# The Azimuth Project Blog - network theory (part 5)

This page is a blog article in progress, written by John Baez. To see the final polished article, go to the Azimuth Blog.

Last time we saw clues that stochastic Petri nets are a lot like quantum field theory, but with probabilities replacing amplitudes. There’s a powerful analogy at work here, which can help us a lot. So, this time I want to make that analogy precise.

But first, let me quickly sketch why it could be worthwhile.

#### A Poisson process

Consider this stochastic Petri net with rate constant $r$:

It describes rabbits roaming around randomly and getting caught by a trap. In any short time $\Delta t$ there’s a chance of about $r \Delta t$ of a rabbit getting caught. There’s also a chance of two or more rabbits getting caught, but this becomes negligible by comparison as $\Delta t \to 0$. Moreover, the chance of a rabbit getting caught during this interval of time is independent of what happens before or afterwards. This sort of process is called a Poisson process.

Problem. - Suppose we start out knowing for sure there are no rabbits in our trap.

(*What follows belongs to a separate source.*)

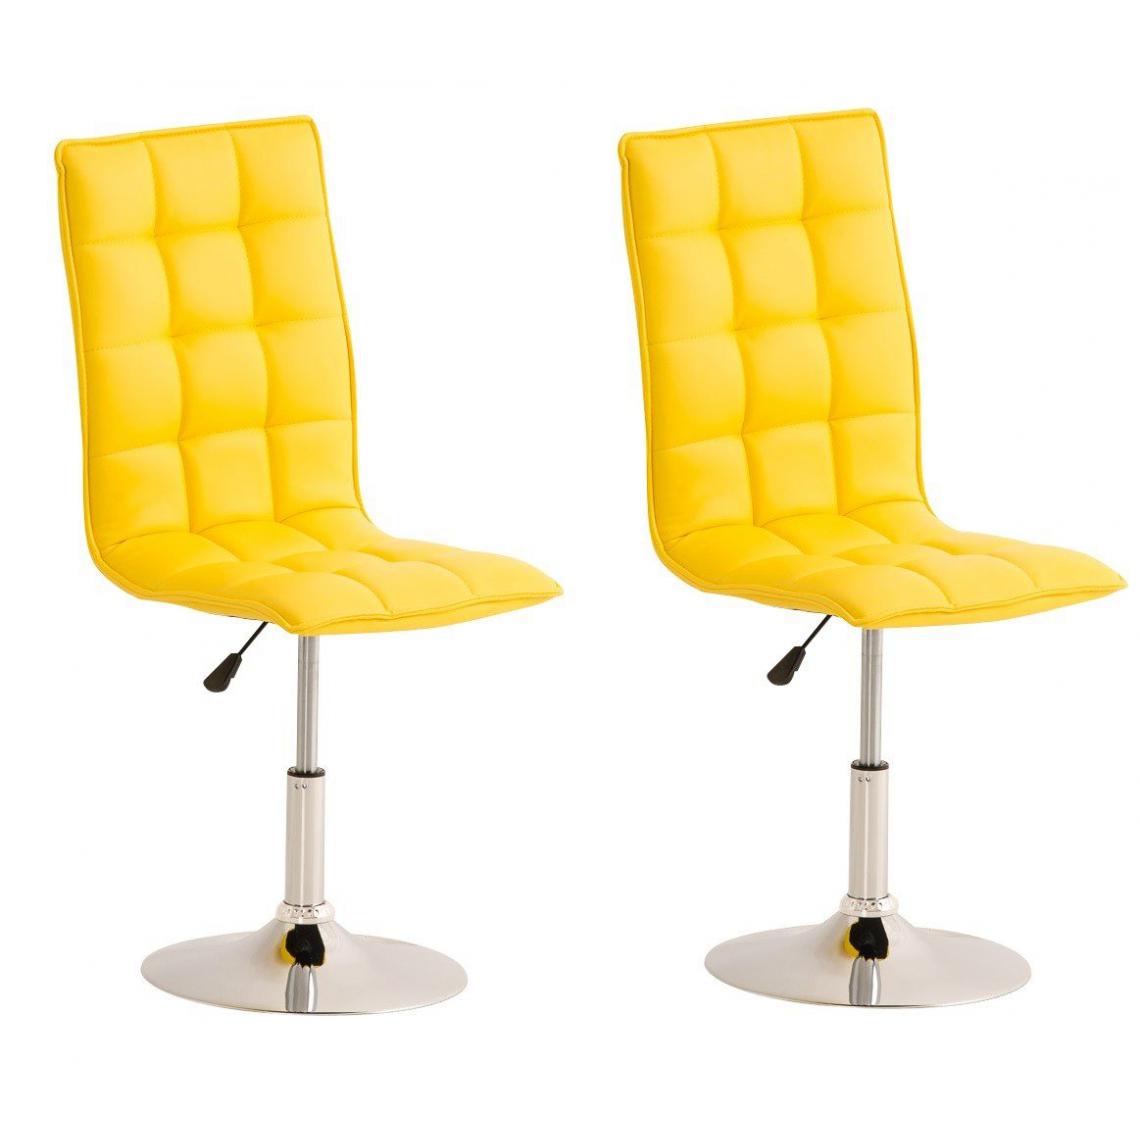 Decoshop26 - Lot de 2 chaises de salle à manger hauteur réglable en simili-cuir jaune CDS10026 - Chaises

What’s the probability of having caught $n$ rabbits at time $t$?

At any time there will be some probability of having caught $n$ rabbits; let’s call this probability $\psi_n(t)$, or $\psi_n$ for short. Borrowing a trick from quantum theory, we can summarize all these probabilities in a single power series:

$\psi = \sum_{n=0}^\infty \psi_n \, x^n$

In quantum theory we use this trick when talking about collections of photons rather than rabbits, but then the numbers $\psi_n$ are complex ‘amplitudes’ rather than probabilities. Let’s use this trick to write down and solve the master equation

$\frac{d}{d t} \psi(t) = H \psi(t)$

describing how the probability of having caught any given number of rabbits changes with time.

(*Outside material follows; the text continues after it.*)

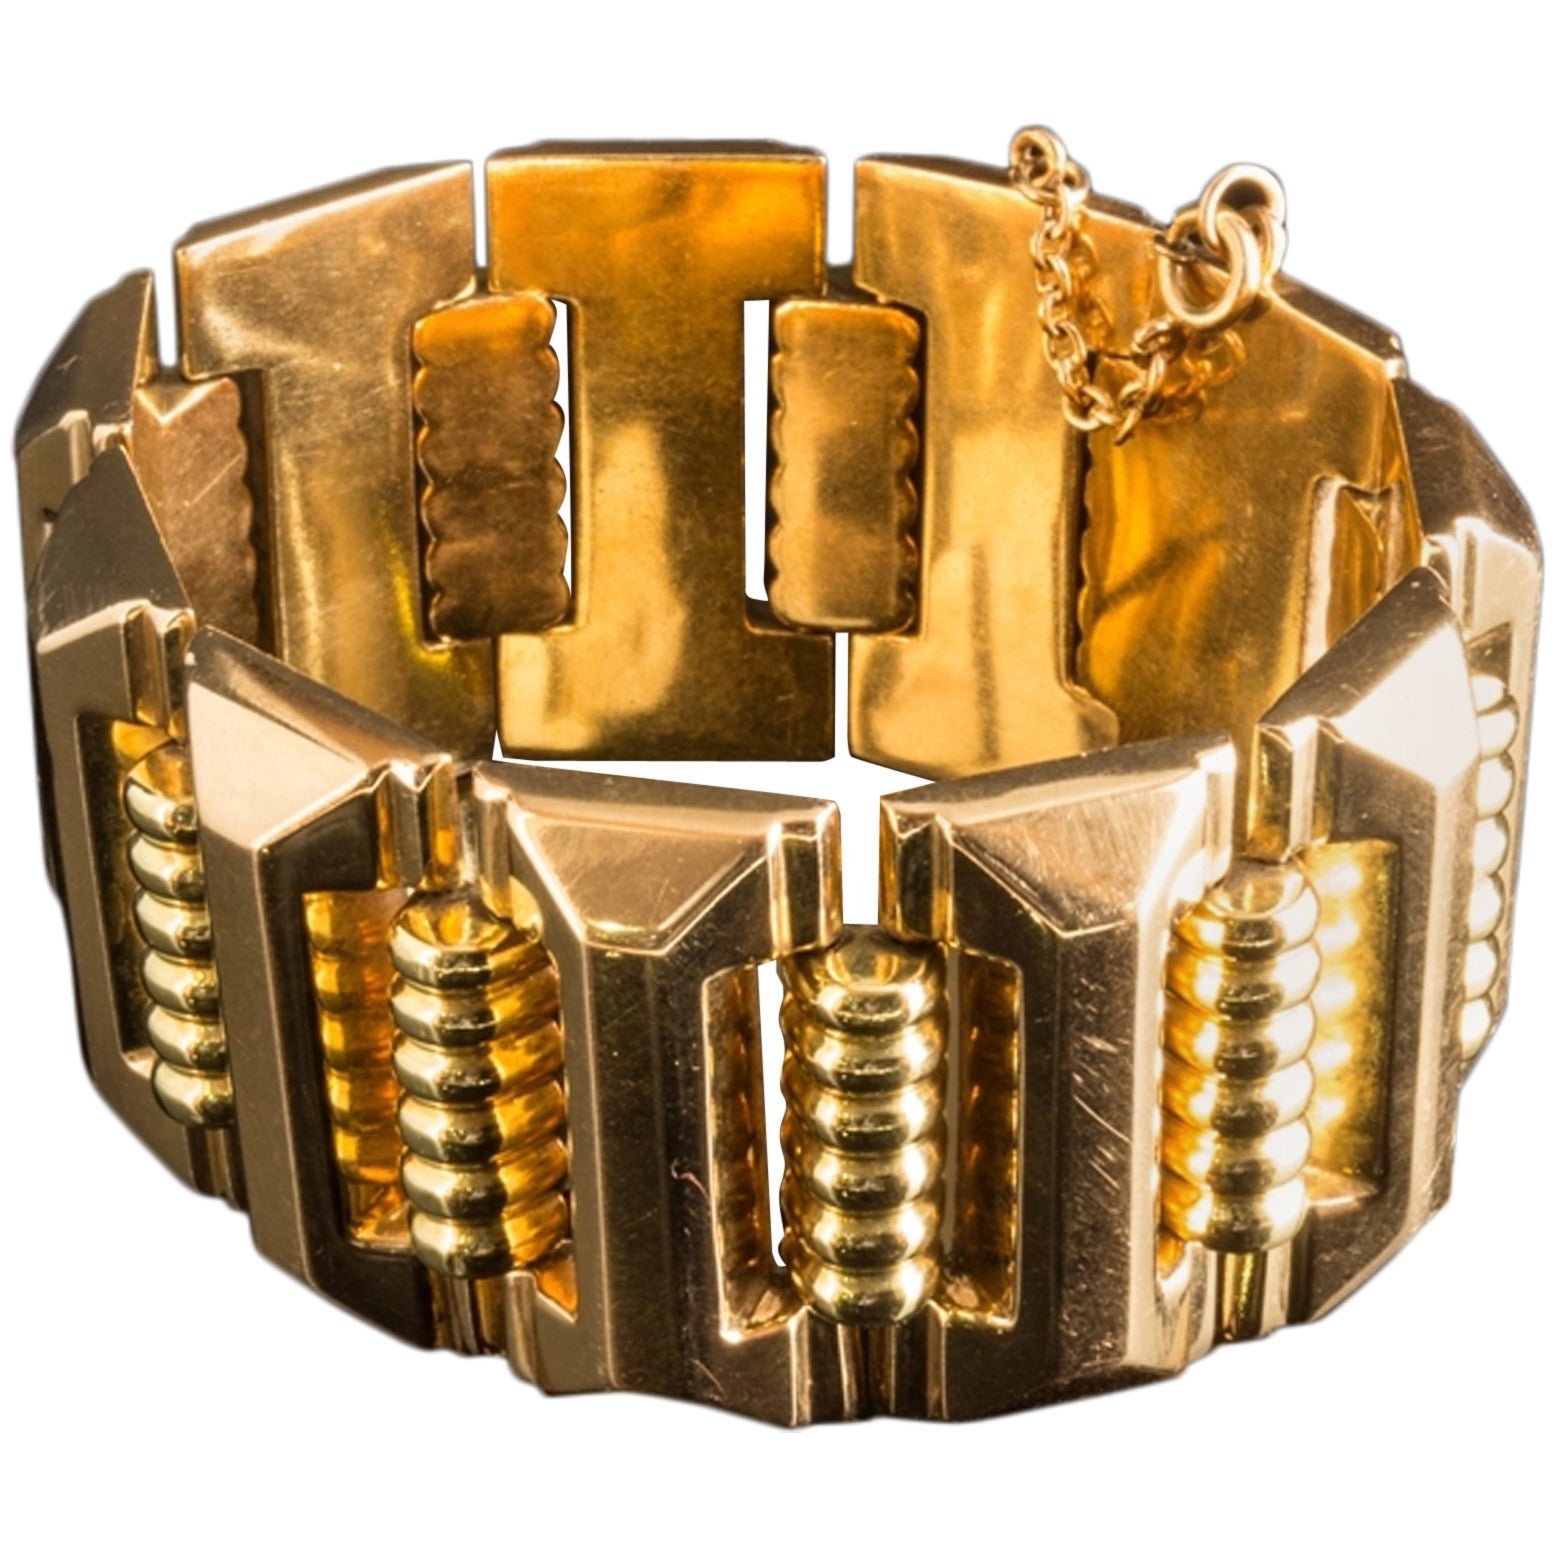 Stunning Art Deco Gold Bracelet

What’s the operator $H$? Well, in quantum theory we describe the creation of photons using a certain operator on power series called the creation operator:

$a^\dagger \psi = x \psi$

We can try to apply this to our rabbits. If at some time we’re 100% sure we have $n$ rabbits, we have

$\psi = x^n$

so applying the creation operator gives

$a^\dagger \psi = x^{n+1}$

One more rabbit! That’s good. So, an obvious wild guess is

$H = r a^\dagger$

where $r$ is the rate at which we’re catching rabbits. Let’s see how well this guess works.

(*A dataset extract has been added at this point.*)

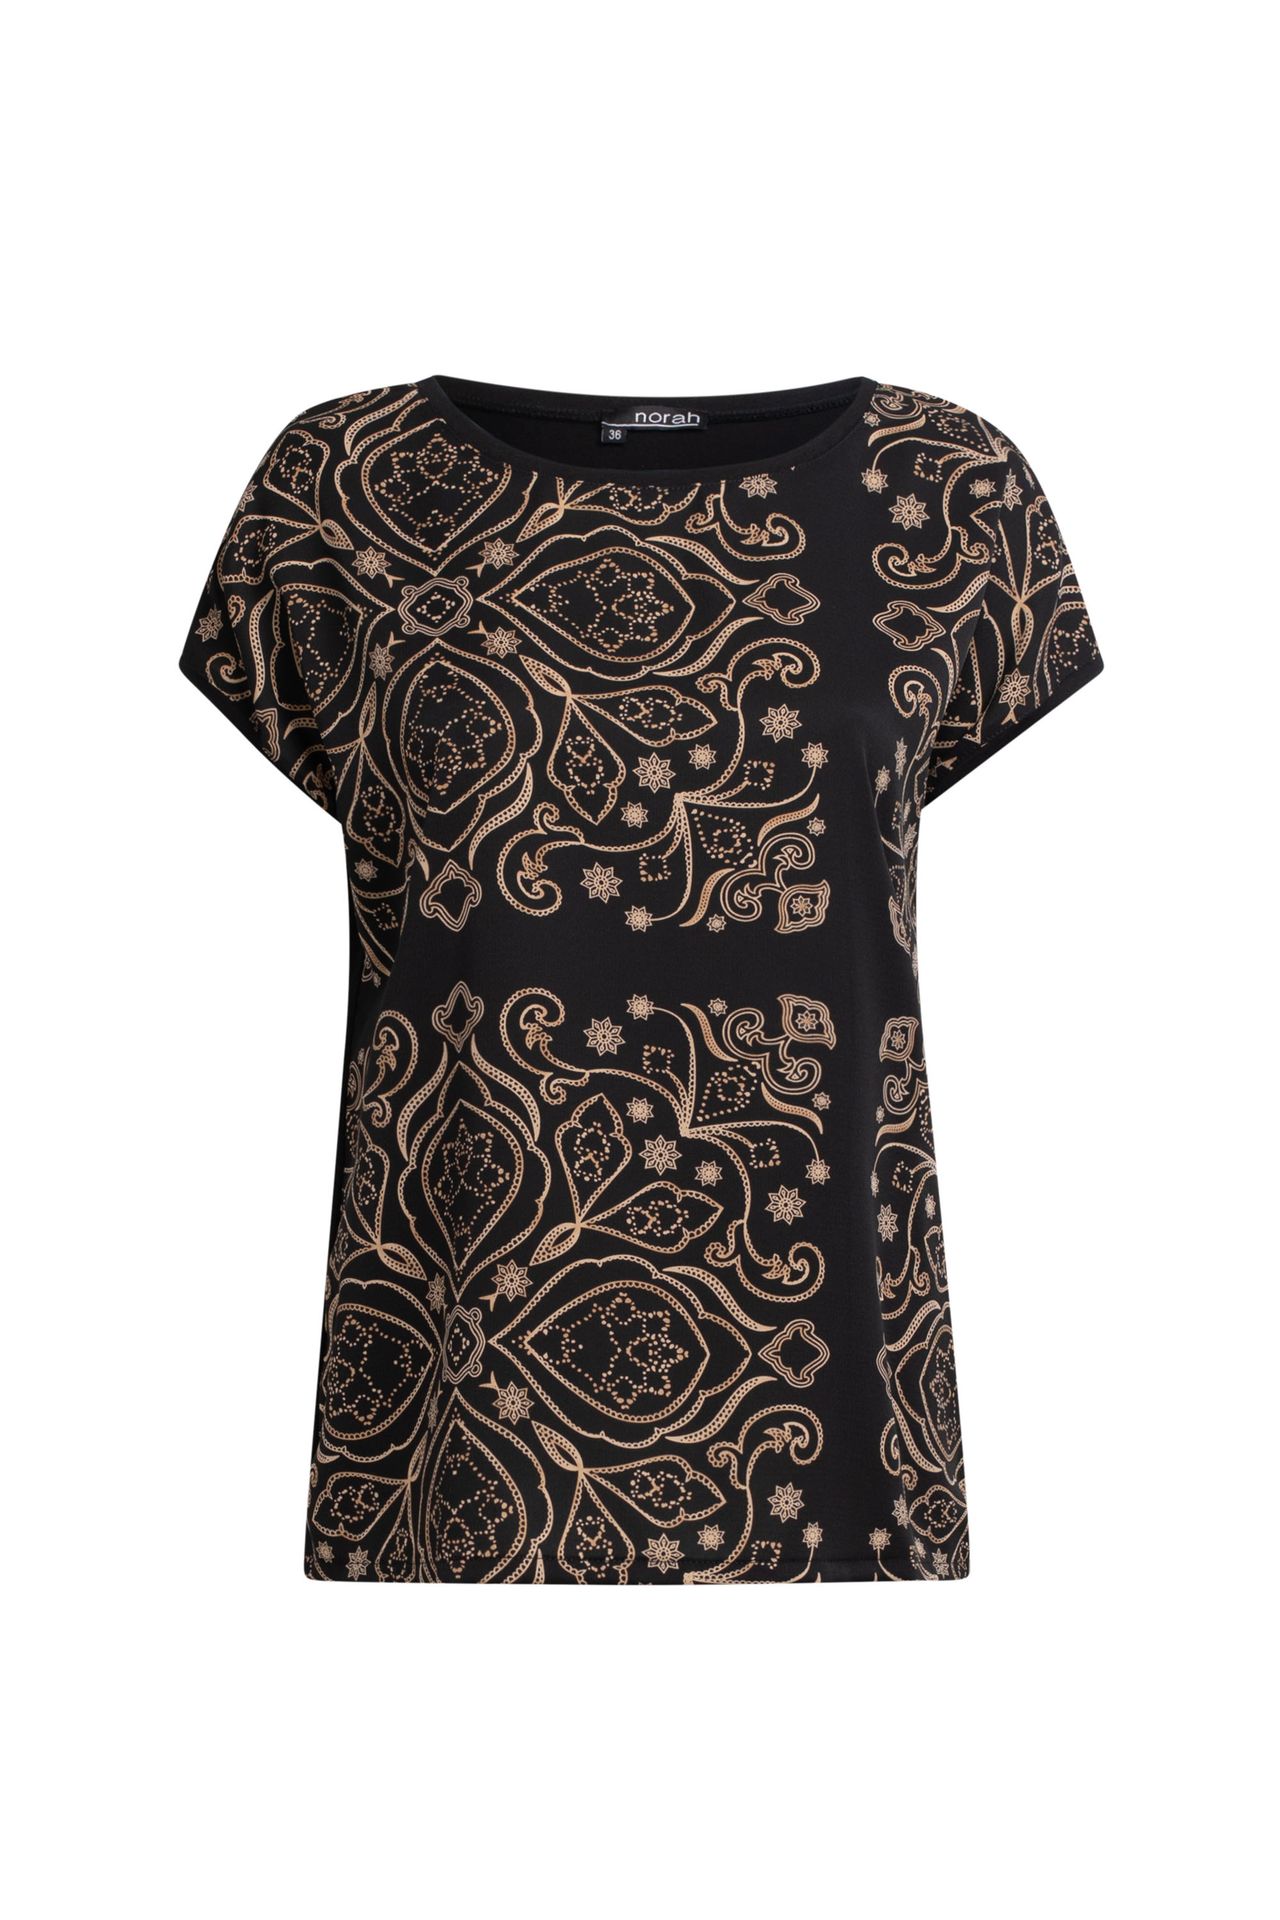 Norah Zwart shirt met gouden print black multicolor 211237-020

If you know how to exponentiate operators, you know to solve this equation:

$\frac{d}{d t} \psi(t) = H \psi(t)$

It’s easy:

$\psi(t) = \mathrm{exp}(t H) \psi(0)$

Since we start out knowing there are no rabbits in our trap, we have

$\psi(0) = 1$

so with our guess for $H$ we get

$\psi(t) = \mathrm{exp}(r t a^\dagger) 1$

But $a^\dagger$ is the operator of multiplication by $x$, so $\mathrm{exp}(r t a^\dagger)$ is multiplication by $e^{t r x}$, and

$\psi(t) = e^{r t x} = \sum_{n = 0}^\infty \frac{(r t)^n}{n!} \, x^n$

So, if our guess is right, the probability of having caught $n$ rabbits at time $t$ is

$\frac{(r t)^n}{n!}$

Unfortunately, this can’t be right, because these probabilities don’t sum to 1! Instead their sum is

$\sum_{n=0}^\infty \frac{(r t)^n}{n!} = e^{r t}$

We can try to wriggle out of the mess we’re in by dividing our answer by this fudge factor. It sounds like a desperate measure, but we’ve got to try something!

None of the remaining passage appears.